All lines from the one holding "תוצאת תמונה עבור" to the end of the listing are to be output exactly, both ends included, with any pictures left out.

*Data section*:
************
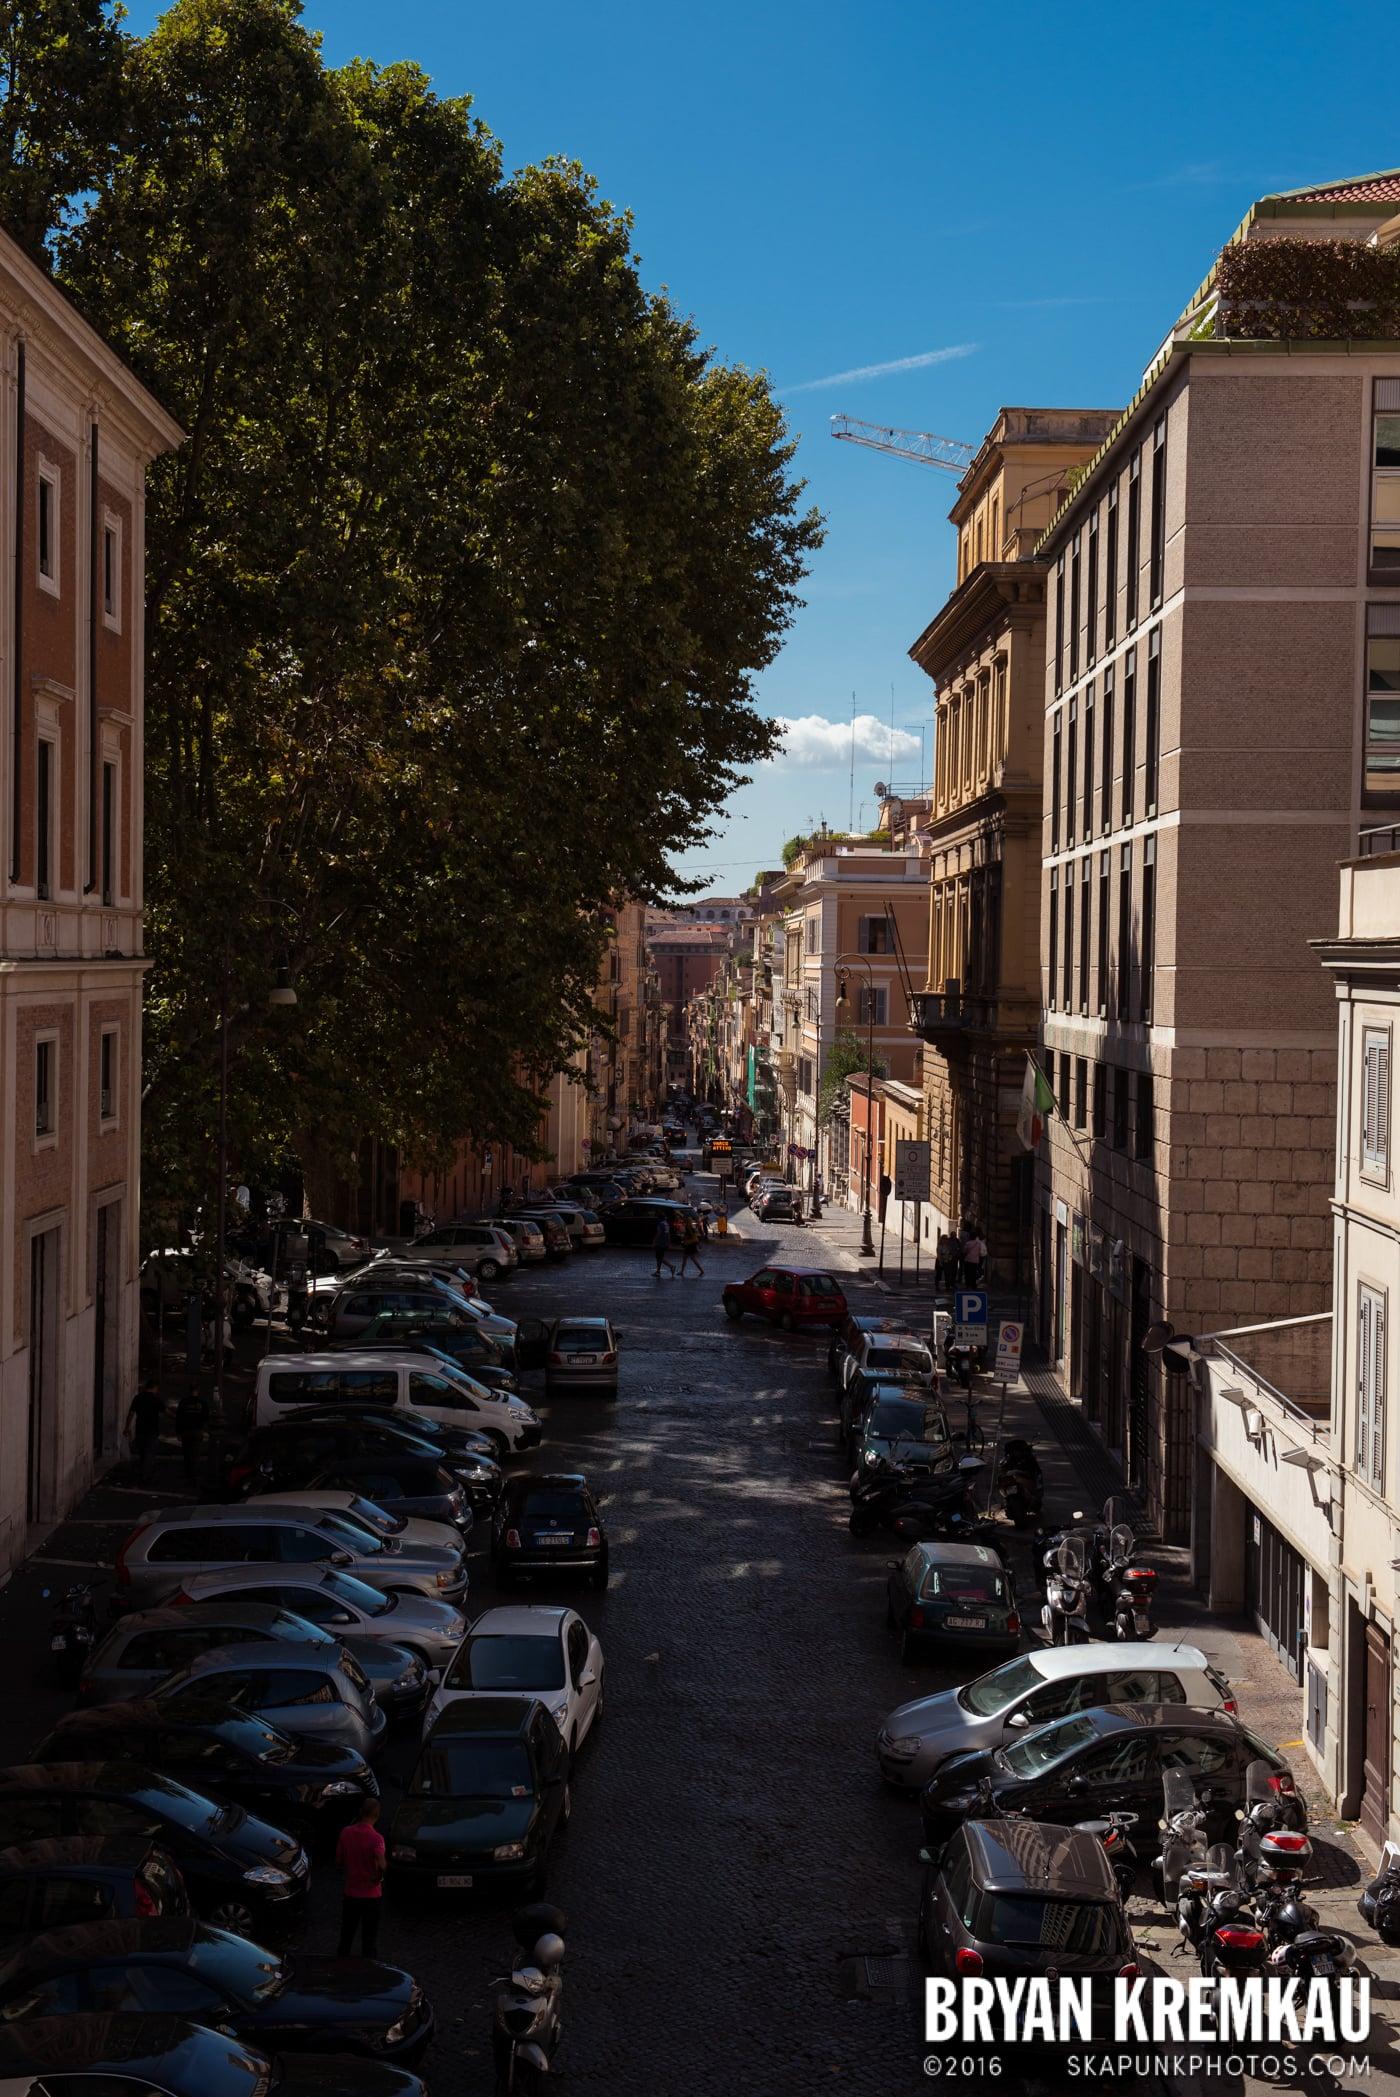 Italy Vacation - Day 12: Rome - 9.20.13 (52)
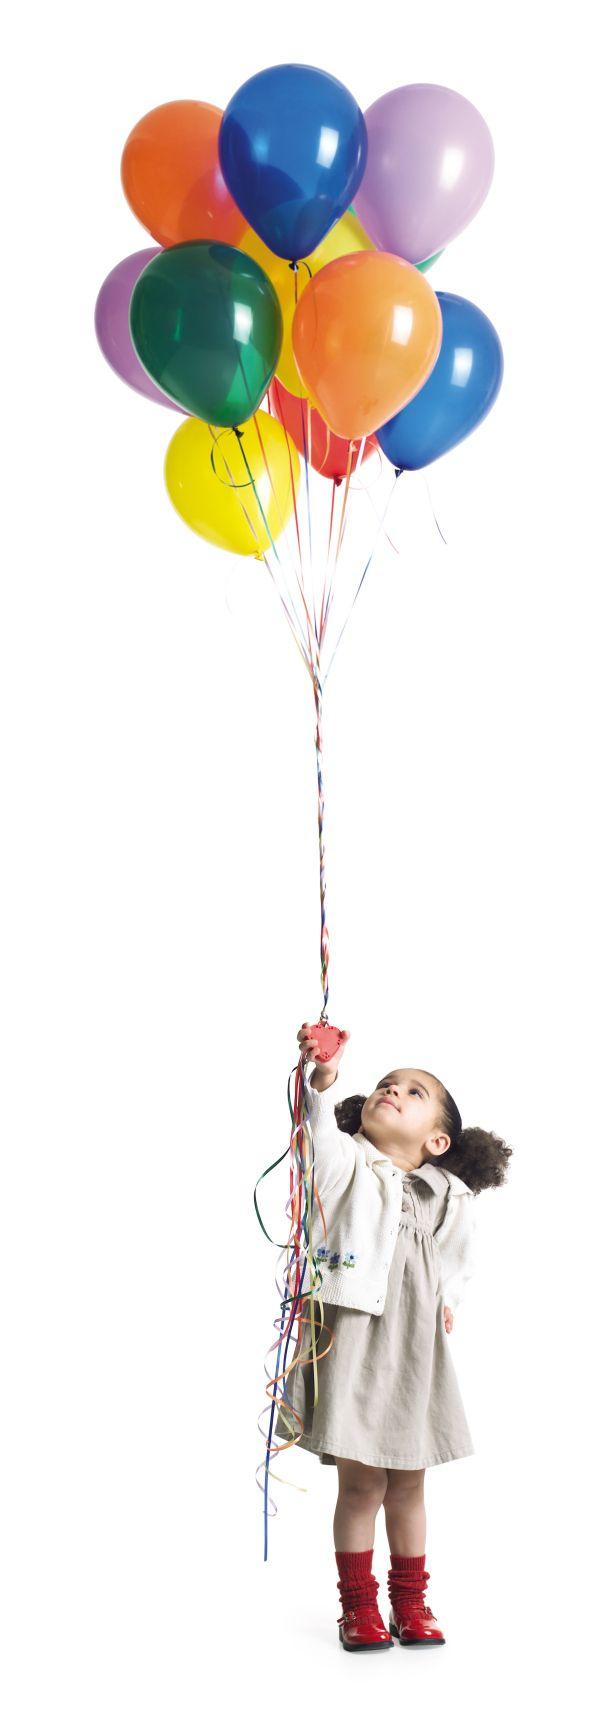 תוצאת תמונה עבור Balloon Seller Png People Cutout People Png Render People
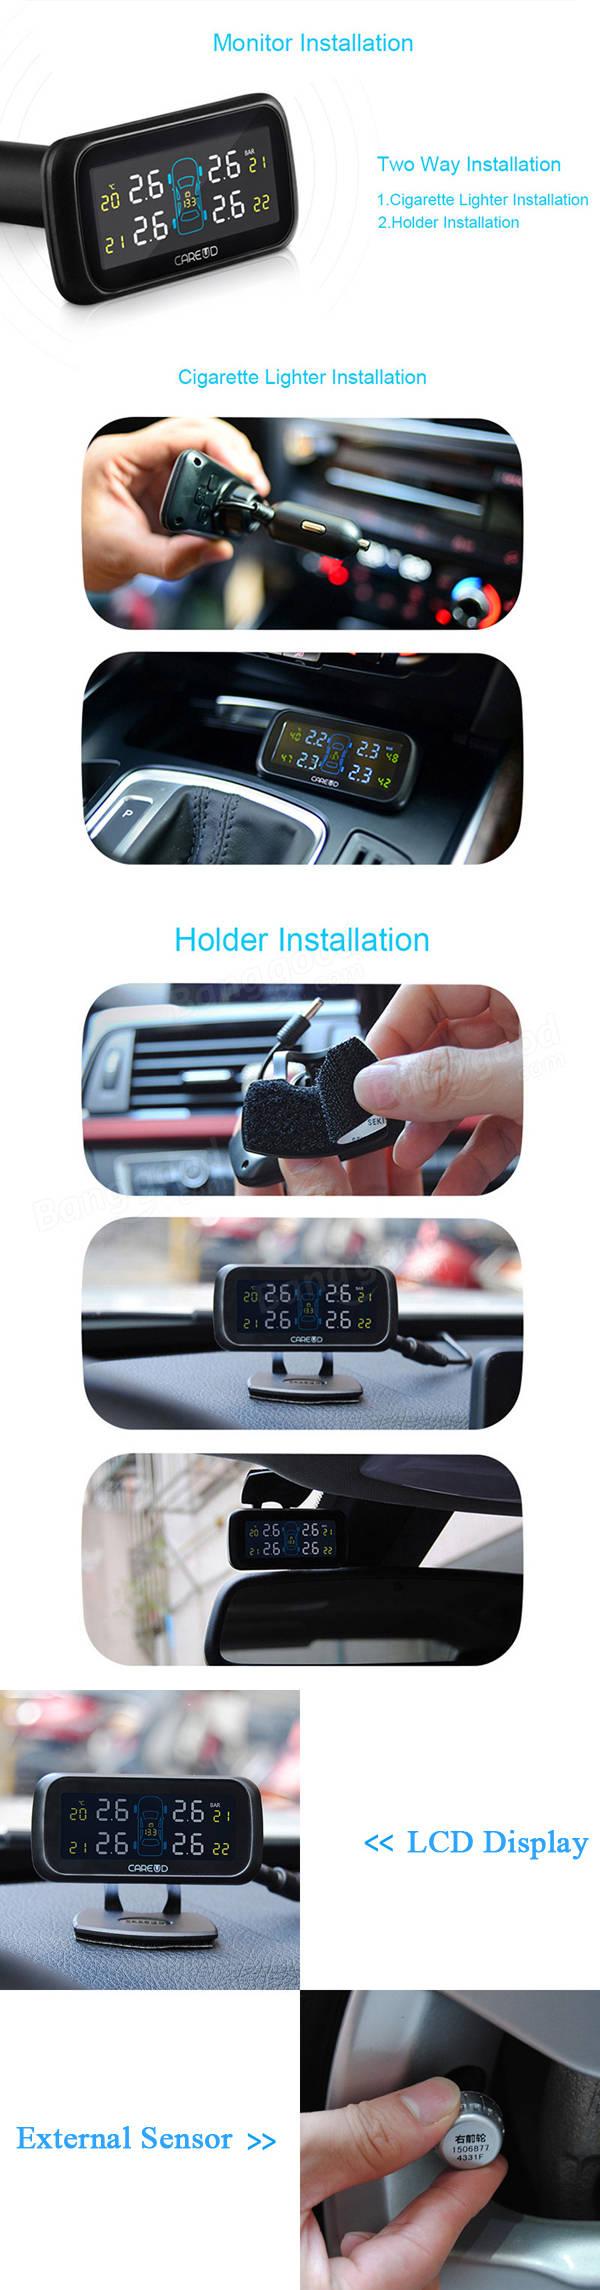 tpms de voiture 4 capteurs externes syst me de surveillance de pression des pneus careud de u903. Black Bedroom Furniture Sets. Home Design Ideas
************
*Answer section*:
 תוצאת תמונה עבור Balloon Seller Png People Cutout People Png Render People
 tpms de voiture 4 capteurs externes syst me de surveillance de pression des pneus careud de u903. Black Bedroom Furniture Sets. Home Design Ideas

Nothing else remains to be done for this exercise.